I might come crashing down.
Down you say.
Might you be down now?
Then you know what down is.
You know what down does.
You know the love of down.
Ah, you want to go downer.
Quite natural, I say.
How many of you are deep sea divers,
how many of you are deep soul divers?
You want to dive deeper,
you want to dive downer.
In the depths your rage and my rage are indistinguishable,
your fear and my fear made of the same stuff.
Your love and my love, in love, in love.
Now that you know this, ascend, ok?
Heights are only scary because the depths are (still) calling to you.
Some of my future posts might sound like ‘advice’ on ‘life’. I want to dedicate this post to stating that as a human being I know nothing and that this is an agonising state to be in and at the same time such a relief and so beautiful. See previous post. For this reason anything I write will be in the pursuit of clarity, knowing full well that words will always only be words. For you and for me.
I am feeling self-conscious because I know how easily this type of writing can become a cliché or even a distraction. We all need different things at different times.

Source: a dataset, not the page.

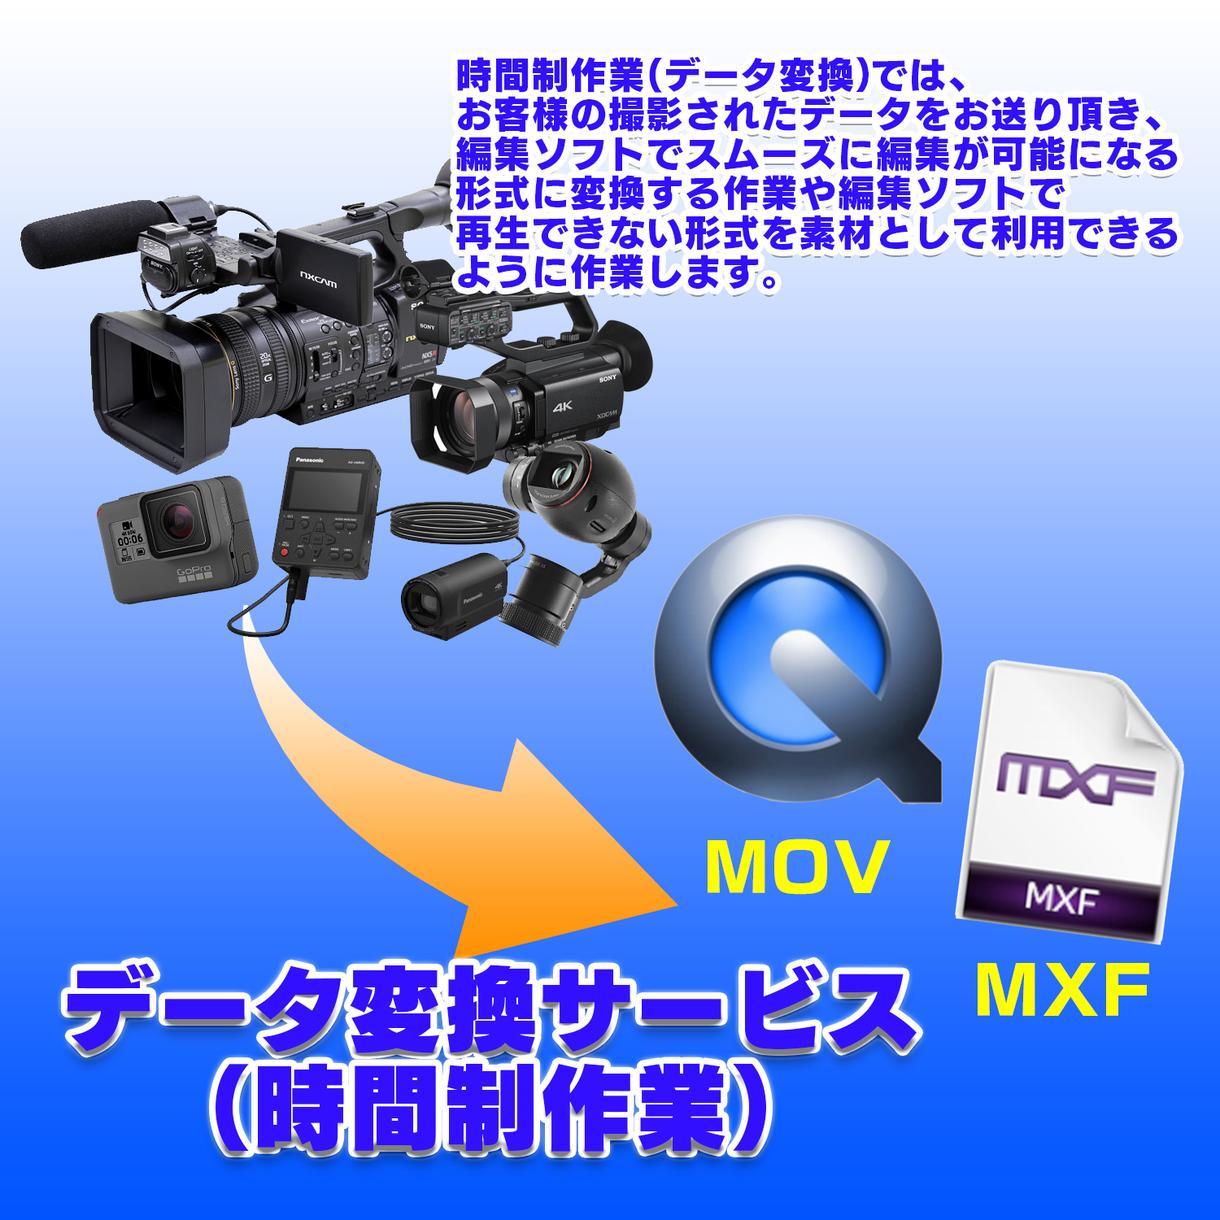 映像データの変換します お客様の撮影されたデータなどをご希望の形式に変換します!!

Distractions can work wonders.
Starting this new year I need: to see words, to share, to connect – and then to go out and immerse myself so deeply in the uncertainty of life that the only words that stick might be “I know nothing”.
What do you need?
This is my home, this ground, this wet soil.
Why did I ever think to upturn my roots in the hope of gaining higher ground,
that is, for the fear of losing ground?
When did I leave the depths to lie face down on the hard parched surface?

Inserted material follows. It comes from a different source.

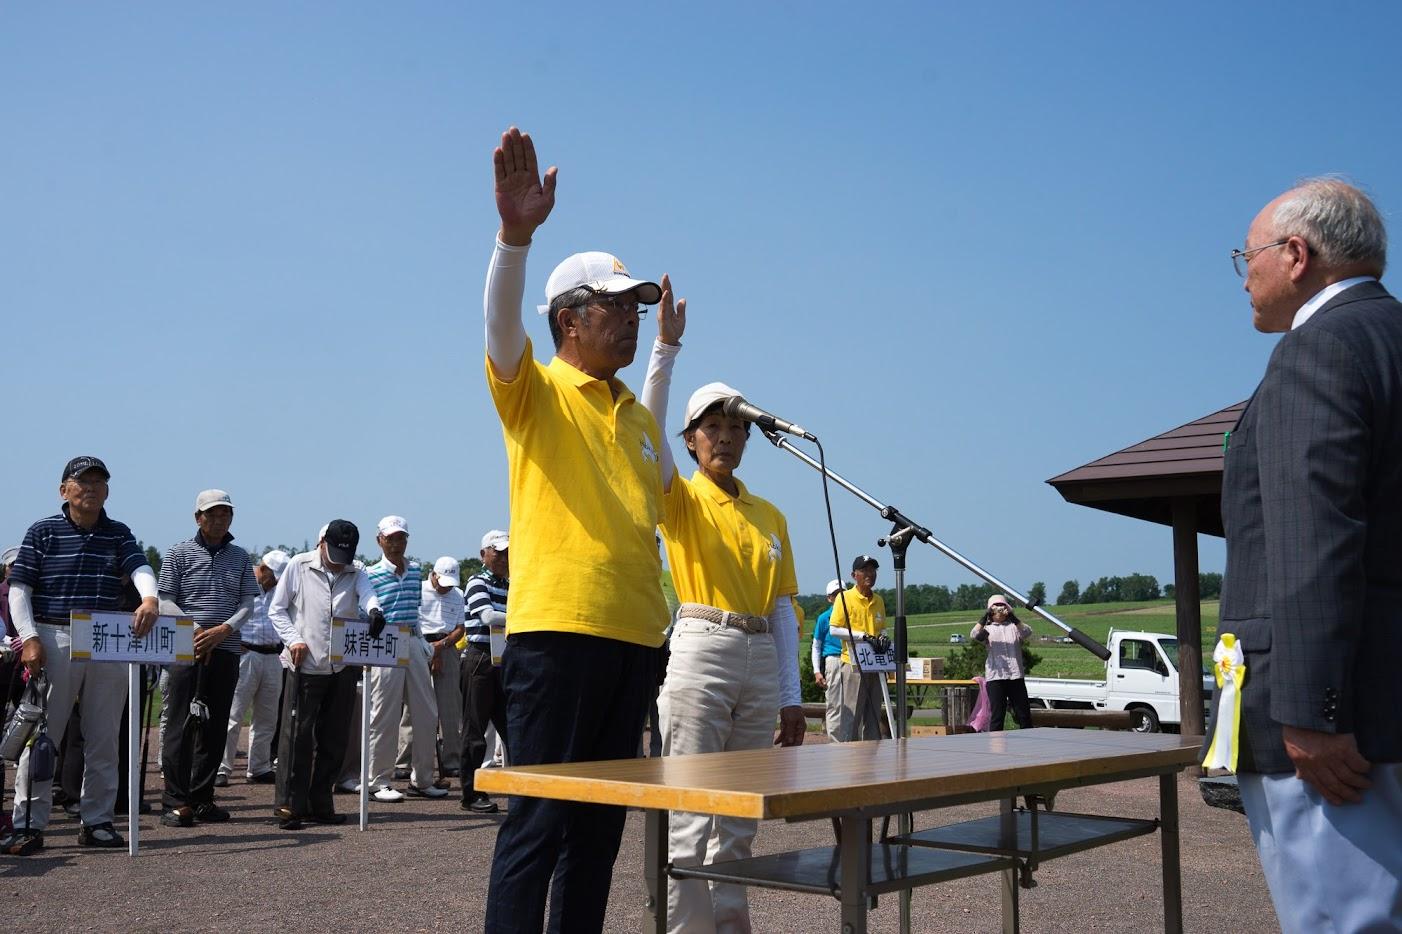 北竜町チームの伊藤勝造さんと四辻明子さんによる選手宣誓

When did I decide that the thing to do was to roll over, never look down and instead lift my gaze in the name of aiming for the stars?
Now doesn’t that sound grand.
How did I forget that I don’t need to check up on the sun?
Some say she knows her burning act.
The devil is in the details or is the devil in the dust?
Water this sand with tears and sink.
Away from the stars, away from stardom, don’t blink, don’t think.
Inc. Inc. Bling. Ing.
Do I want to shed a thousand skins or only one?
What can’t my eyes see that I already am?
What can this circle hold?
What can this square become?
There is no point rearranging jars
stored on the shelves in your mind.
Peel off their labels, unscrew their lids.
In time be willing to drop them
one by one
and see them smash on the floor.
Feel the pain as you tiptoe over the shards of glass
and out into what is freedom.
One way to live your life: blow stardust into the desert. Just do it.
Sit back and roar with laughter at the heavens which gave you the breath.
Wait for the echo to come flying back.
Count your fingers just to check you know your numbers and that you have your fingers. Buy some sheep and count those too.
Jam with your eyes closed. Then open them to see the music.
Sip on some tonic. The sun’s already down.